__Supplied records__:

#####

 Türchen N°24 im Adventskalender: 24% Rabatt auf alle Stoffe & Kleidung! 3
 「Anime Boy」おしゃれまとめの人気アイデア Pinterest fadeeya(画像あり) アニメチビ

#####

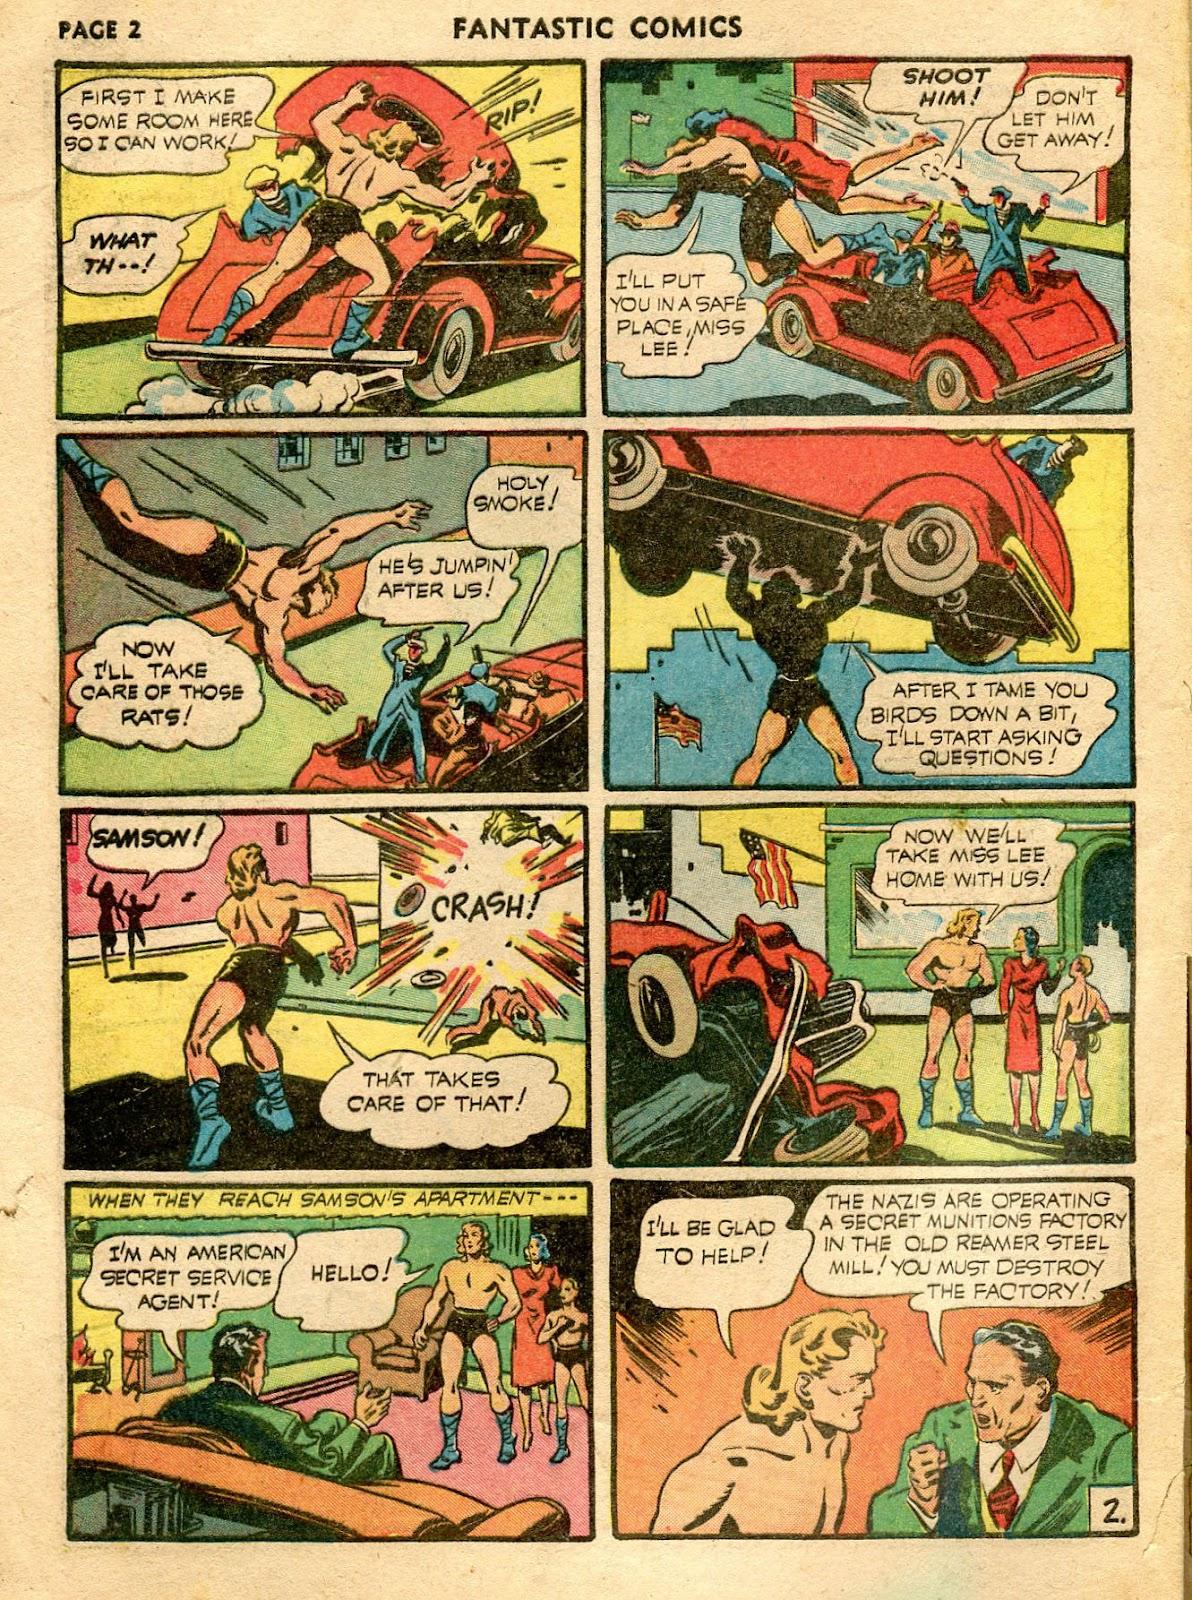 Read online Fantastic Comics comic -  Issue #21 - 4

#####

__Problem to solve__: Within the listing above, locate the line containing "Türchen N°24 im" and the line containing "Pinterest fadeeya(画像あり) アニメチビ". Reproduce those two lines and all lines between them exactly, with nothing added.

__Exercise response__:
 Türchen N°24 im Adventskalender: 24% Rabatt auf alle Stoffe & Kleidung! 3
 「Anime Boy」おしゃれまとめの人気アイデア Pinterest fadeeya(画像あり) アニメチビ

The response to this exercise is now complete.